You can see the list of tasks in tasks.py at the top level.
Features
- Multiple Algorithm Support: Use any hash algorithm available in hashlib (MD5, SHA1, SHA256, SHA512, etc.)
- Type-Safe Enum Interface: HashAlgorithm enum for better type safety and IDE auto-completion
- Performance Optimized: Configurable block sizes for reading large files efficiently
- Smart Caching: Built-in caching system based on file modification times and content
- Low Memory Footprint: Stream-based processing keeps memory usage low, even for very large files
- Comprehensive CLI: Powerful command-line interface with recursive directory processing and multiple output formats
- full cli support: The package includes a powerful command-line tool (clichecksum) for computing and verifying checksums.
Installation
# Using pip
pip install pychecksumtool
# From source
git clone https://github.com/yourusername/checksum.git
cd checksum
pip install -e .
Basic Usage
Computing Checksums
from src.pychecksumtool import Checksum, HashAlgorithm
# Calculate a SHA-256 checksum (default)
checksum = Checksum("myfile.txt")
print(f"SHA-256: {checksum.checksum}")
# Calculate with a different algorithm
md5_checksum = Checksum("myfile.txt", hash_algorithm=HashAlgorithm.MD5)
print(f"MD5: {md5_checksum.checksum}")
# Calculate with a custom block size (for large files)
large_file_checksum = Checksum("largefile.iso", block_size=1048576, hash_algorithm=HashAlgorithm.SHA512)
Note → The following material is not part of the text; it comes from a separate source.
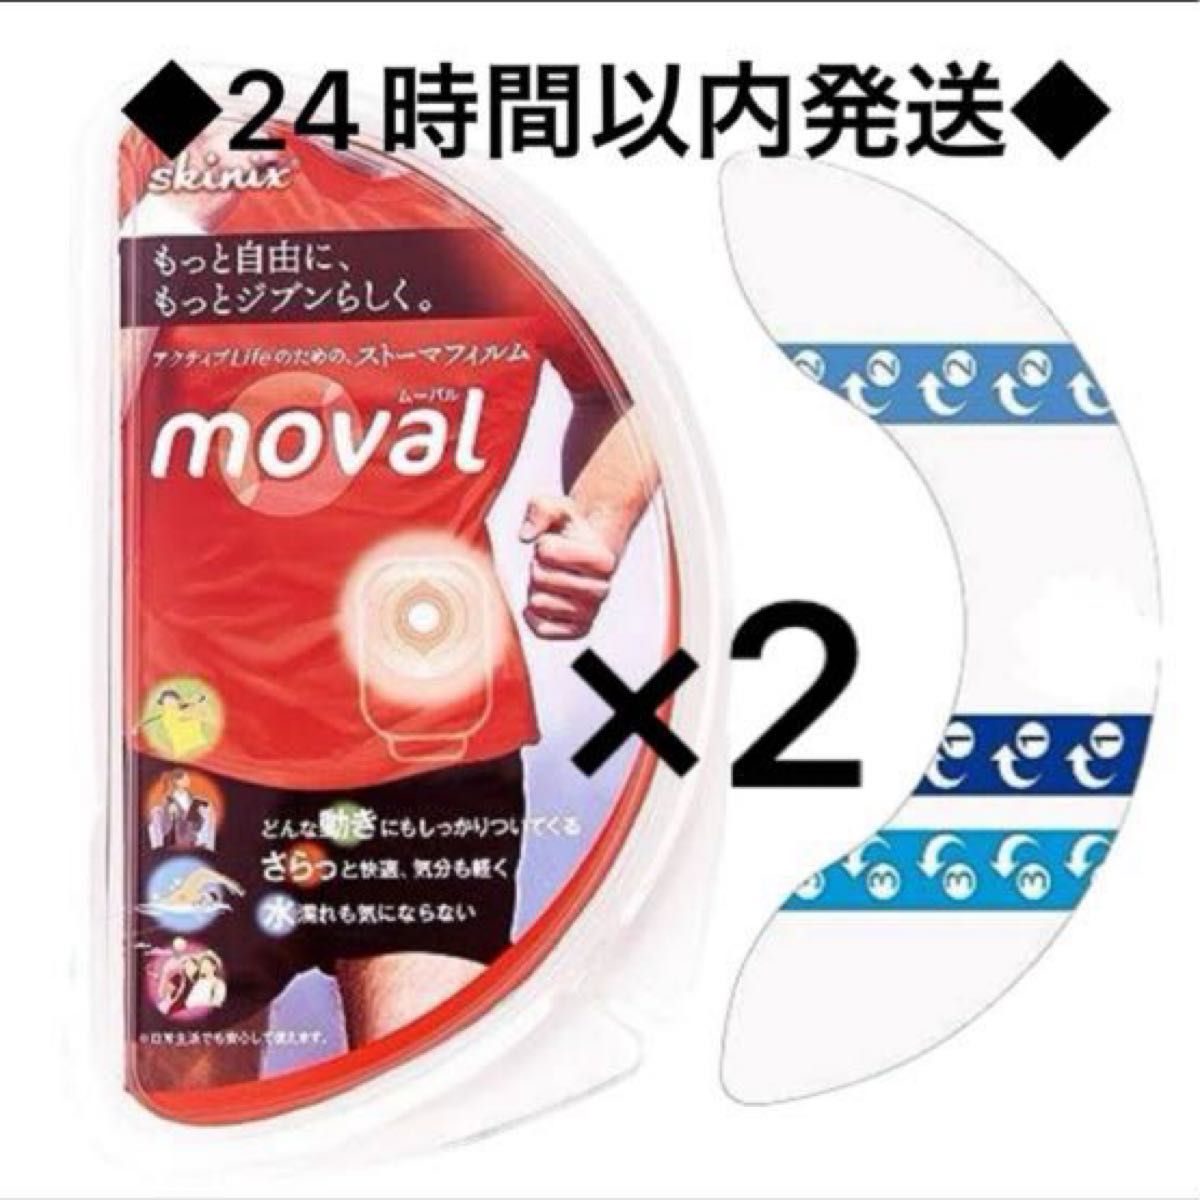 共和 ストーマ面板固定テープ moval ムーバル 20枚入 YB-R35160 (7-569-01) ×2個

print(f"SHA-512: {large_file_checksum.checksum}")
Using the Cache
from src.pychecksumtool import CachedChecksum, HashAlgorithm
# First calculation computes and caches
cached = CachedChecksum("myfile.txt", hash_algorithm=HashAlgorithm.SHA256)
print(f"SHA-256: {cached.checksum}")
# Second calculation uses the cache if the file hasn't changed
cached2 = CachedChecksum("myfile.txt", hash_algorithm=HashAlgorithm.SHA256)
print(f"SHA-256 (from cache): {cached2.checksum}")
# Force a fresh calculation
no_cache = CachedChecksum("myfile.txt", hash_algorithm=HashAlgorithm.SHA256, use_cache=False)
print(f"SHA-256 (fresh): {no_cache.checksum}")
# Using a different algorithm creates a separate cache entry
md5_cached = CachedChecksum("myfile.txt", hash_algorithm=HashAlgorithm.MD5)
print(f"MD5: {md5_cached.checksum}")
Using Static Methods
from src.pychecksumtool import CachedChecksum, HashAlgorithm
# Static method for computing hash with caching
sha256_hash = CachedChecksum.compute_hash("myfile.txt", HashAlgorithm.SHA256)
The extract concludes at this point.